“There are people in the world, I imagine, who are born and die in the same town, maybe even in the same house, or bed. Creatures without migration: have they not lived a life because they have not moved? What of the migratory los González, moving from one place to another and marking every stopping place with angst? What kind of alternative is that? For once my father and I are thinking thinking the same way, sharing a similar yearning for our starting points to have been different, for our final destination to be anything other than the tearful, resentful arrival it is likely to be.” Rigoberto González, Butterfly Boy: Memories of a Chicano Mariposa


When I wrote the prompt last week, February 14, Brooklyn, In Memory Most Green, I wrote from my passion for the place to which my family immigrated and in which I grew up. I wrote from my respect for the grit I’ve almost always encountered in immigrants and refugees. I wrote from an appreciation for my country’s highest and best ideals, however much we so often fail to fulfill them. I wrote from a place of gratitude: by what unearned grace am I safe and not running for my life across some bomb-riddled landscape?

Several of the poems shared here today by poets Lisa Ashley, Paul Brookes, Mike Stone, Sonja Benskin Mesher and Anjum Wasim Dar remind me of my father’s sighs. I barely knew the man, but I do remember his lament: “a-MHE-rrreee-ka. a-MHE-rrreee-ka.” Life was hard for him in the beloved city. Contrary to the mythology of the day, the streets weren’t paved with gold. He was something of a linguist but few people knew his language, his culture, his history.

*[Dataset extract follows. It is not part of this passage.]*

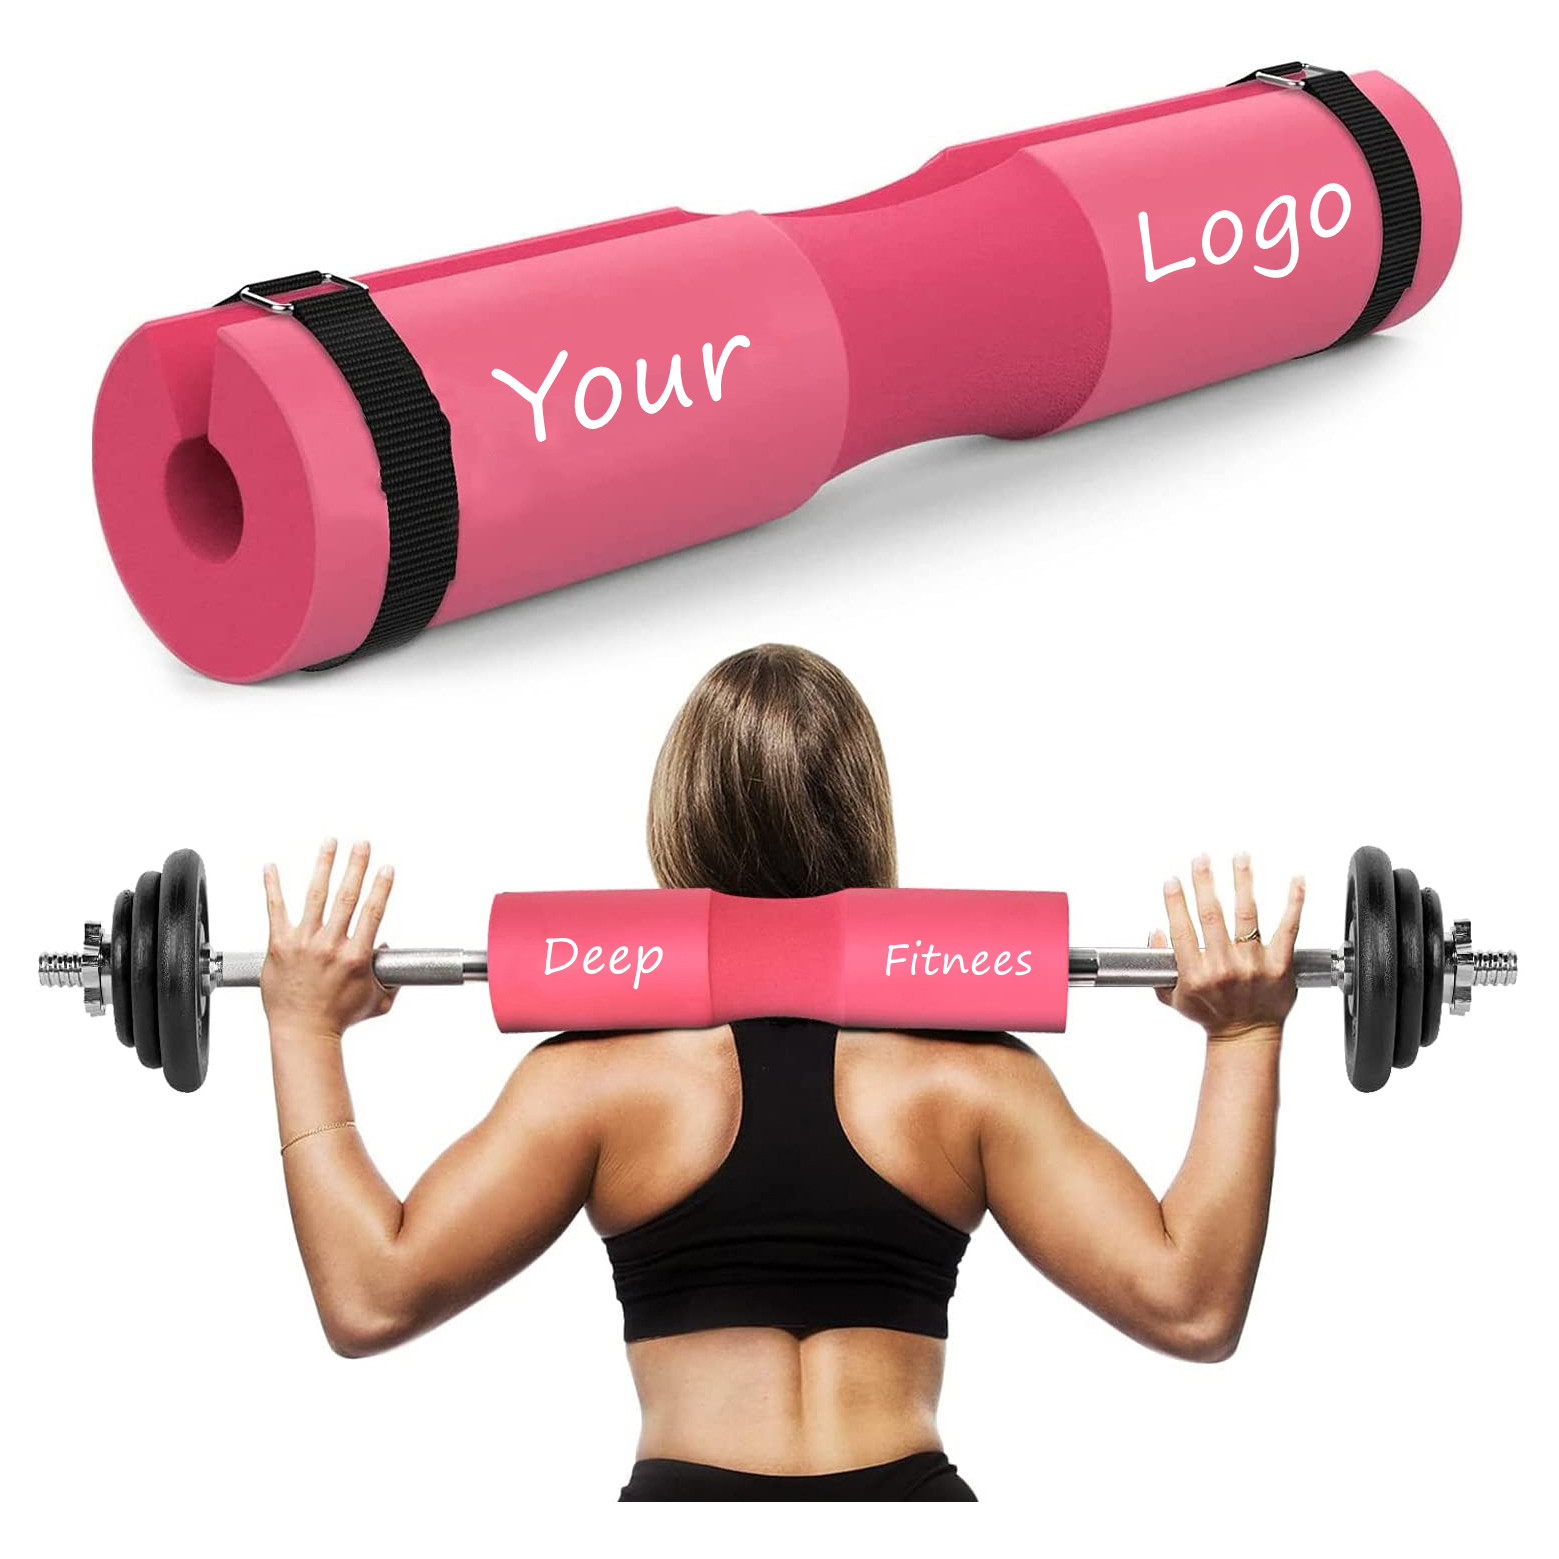 Non Slip Barbell Pad Custom logo color Foam Sponge Barbell Pad Squat Pad for Squats, Lunges and Hip Thrusts Gym fitness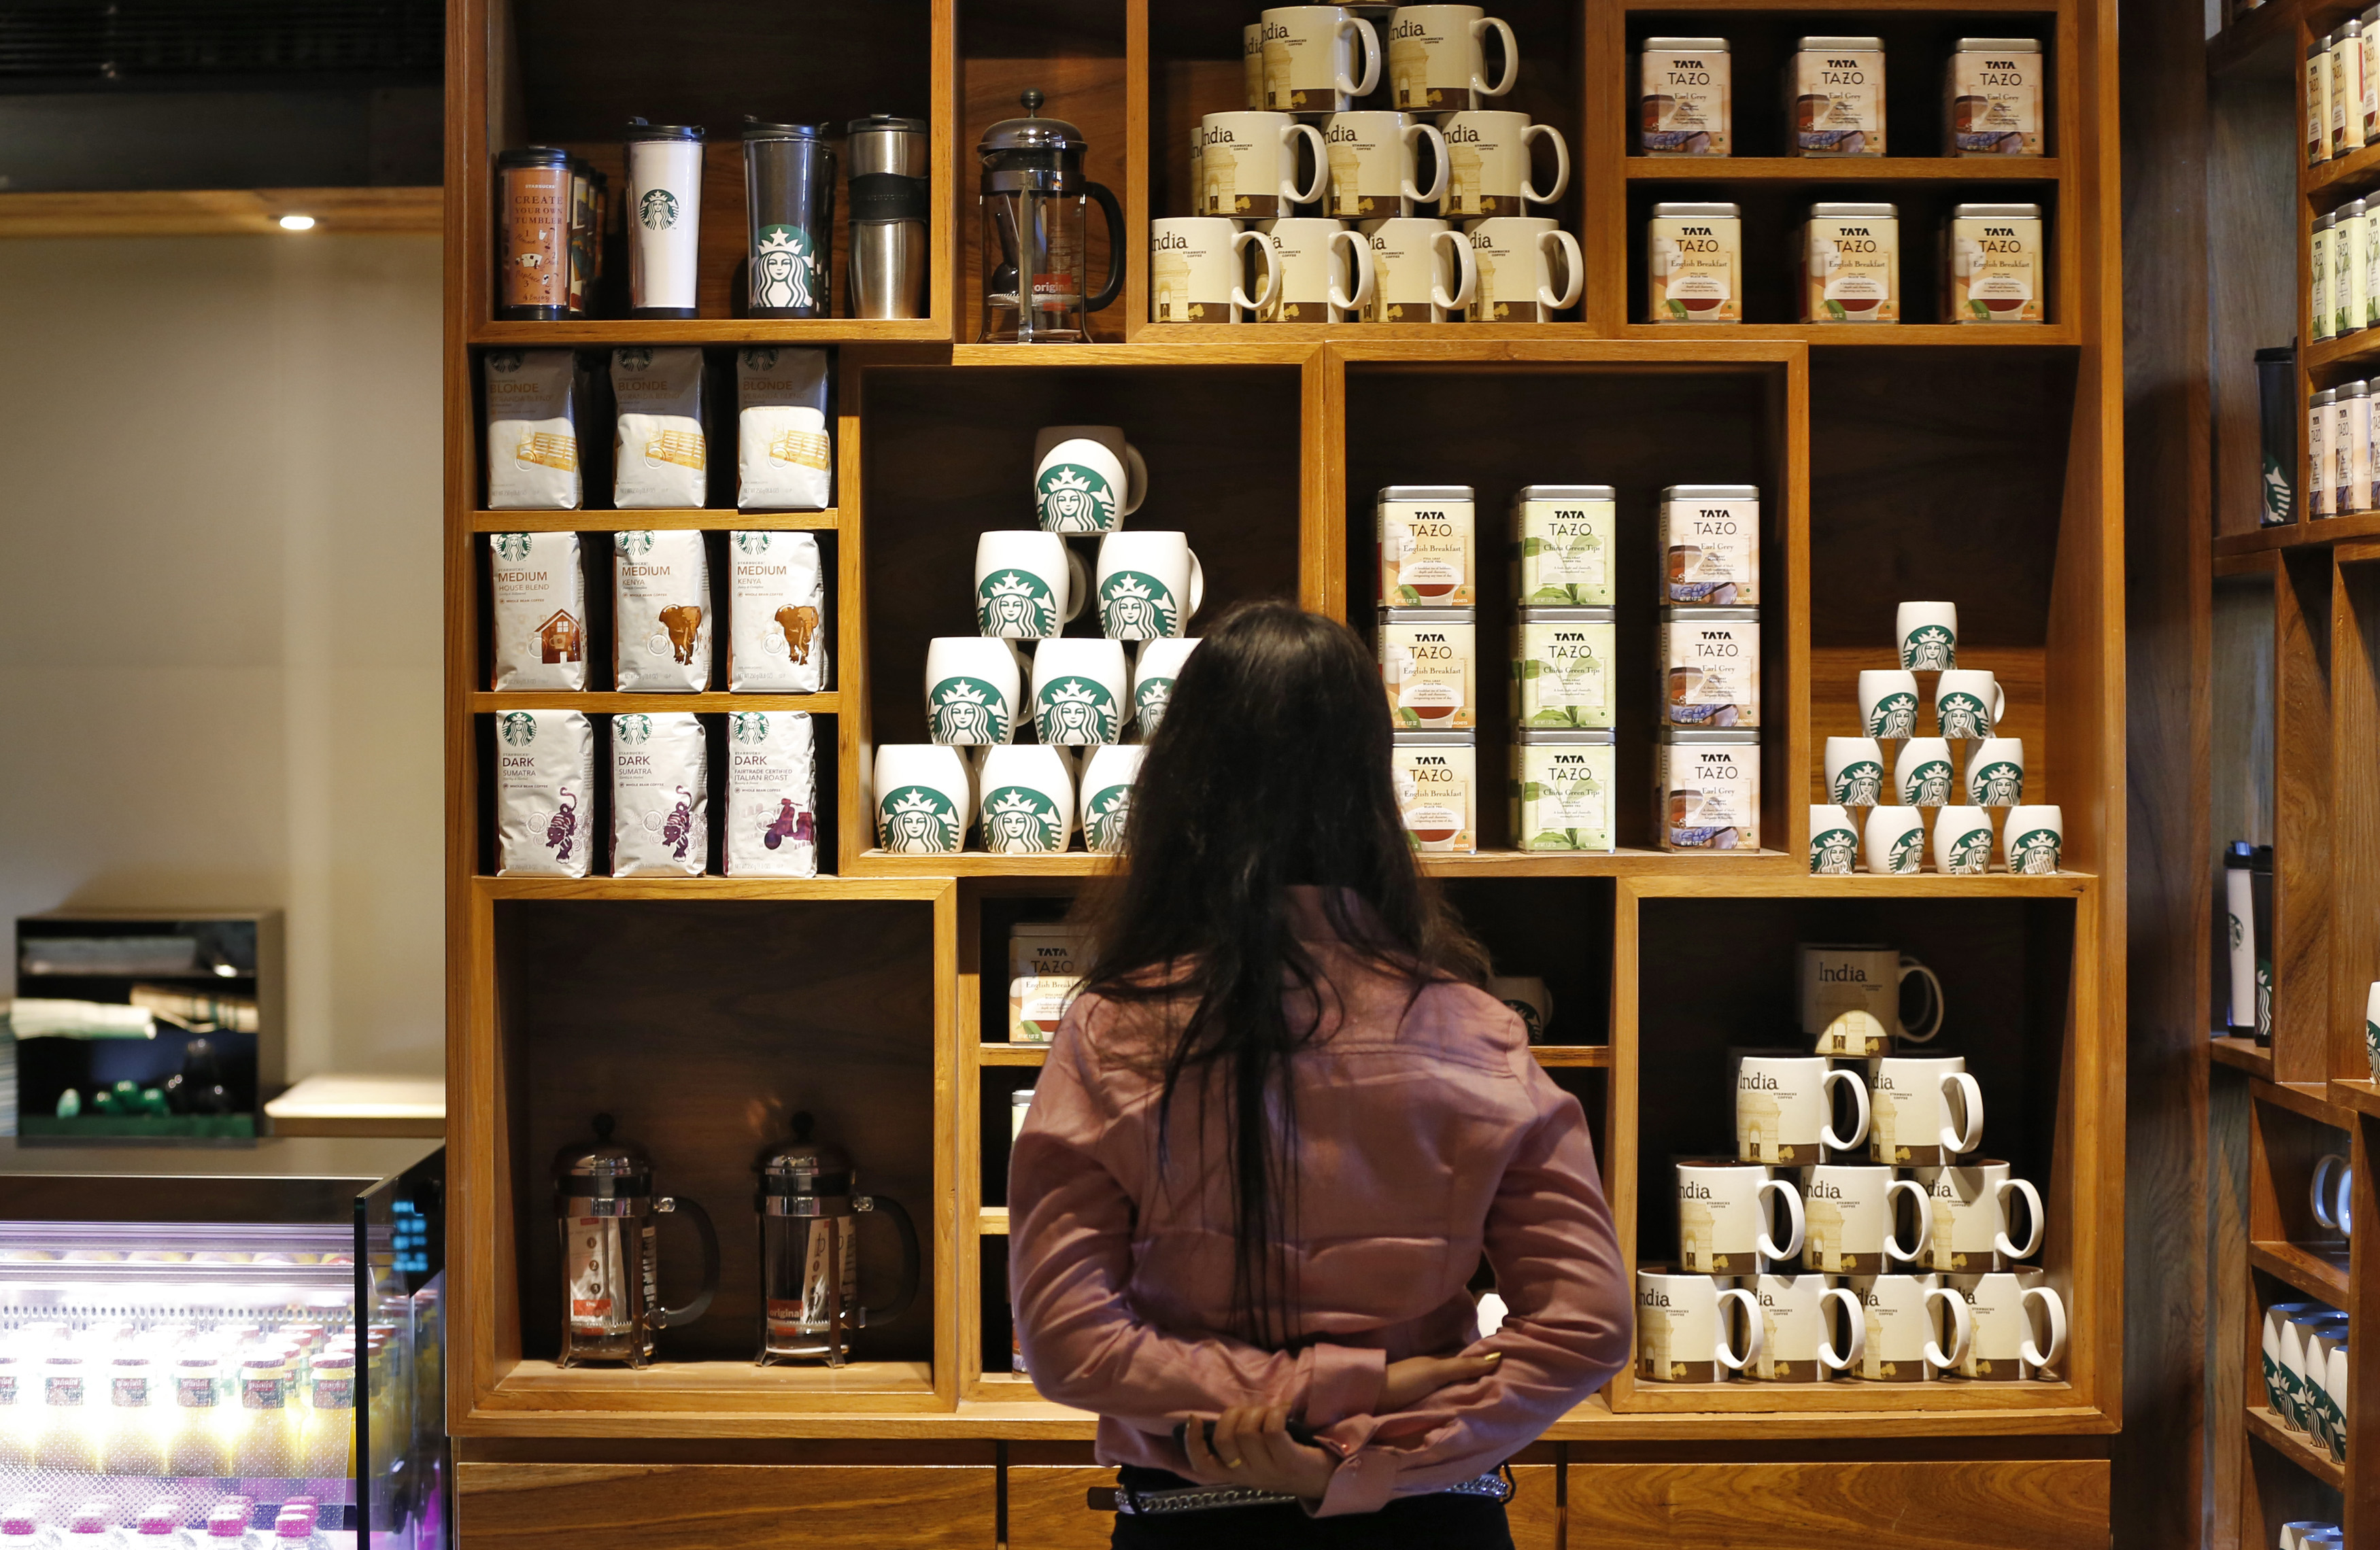 A visitor looks at products on display during the launch of the first Starbucks store in New Delhi, Feb. 6, 2013 (Adnan Abidi—Reuters)

Enjoy this collection and …

Note: I am going to be moving to a new place and will put The Poet by Day on hiatus after a few more posts that are in the hopper. Hence, Wednesday Writing Prompt will not return until March 21. The March issue of The BeZine will be published on the 15th as scheduled. It’s currently in the works. Updated submission guidelines will be available on March 25 along with the next theme.


Reluctant Immigrant

“Give me your tired, your poor, your huddled masses yearning to be free, the wretched refuse of your teeming shore. Send these, the homeless, tempest tossed to me, I lift my lamp beside the golden door.” Emma Lazarus

Plaintive song sung in childhood, beloved melody that touched my heart,
Often tired, sometimes wretched, always poor, though not homeless

Before I understood the words, I knew the yearning
to belong, to fit in, to be accepted—we were outsiders

Immigrated to the west, escaped, searching for a better life
I left family behind, severed ties for years, survived

He was forced to flee the genocide, board the boat,
Fighting his friends to go to his wife and child, already dead, they said

Landed in New York, no English, cooked for men like him in the hostel
Once a proud Armenian, now a conquered, bereft, shamed man

Reluctant immigrant to a strange land, mourning his home, far away
Arranged second marriage, nine children born on a farm, a life lived, survived

Trauma lived and re-lived, DNA passed down the generations, his story lost
No golden doors for him, just a desire to blend in…and forget

Grandfather to father, father to daughter, I stop the cycle of abuse
Exiles that no God, no Lady Liberty could return home, sheltered here

Safe now, loved, loving others, a good life carved out of pain and shame
He survived that 1915 holocaust, I am, we are, his legacy, immigrants yet.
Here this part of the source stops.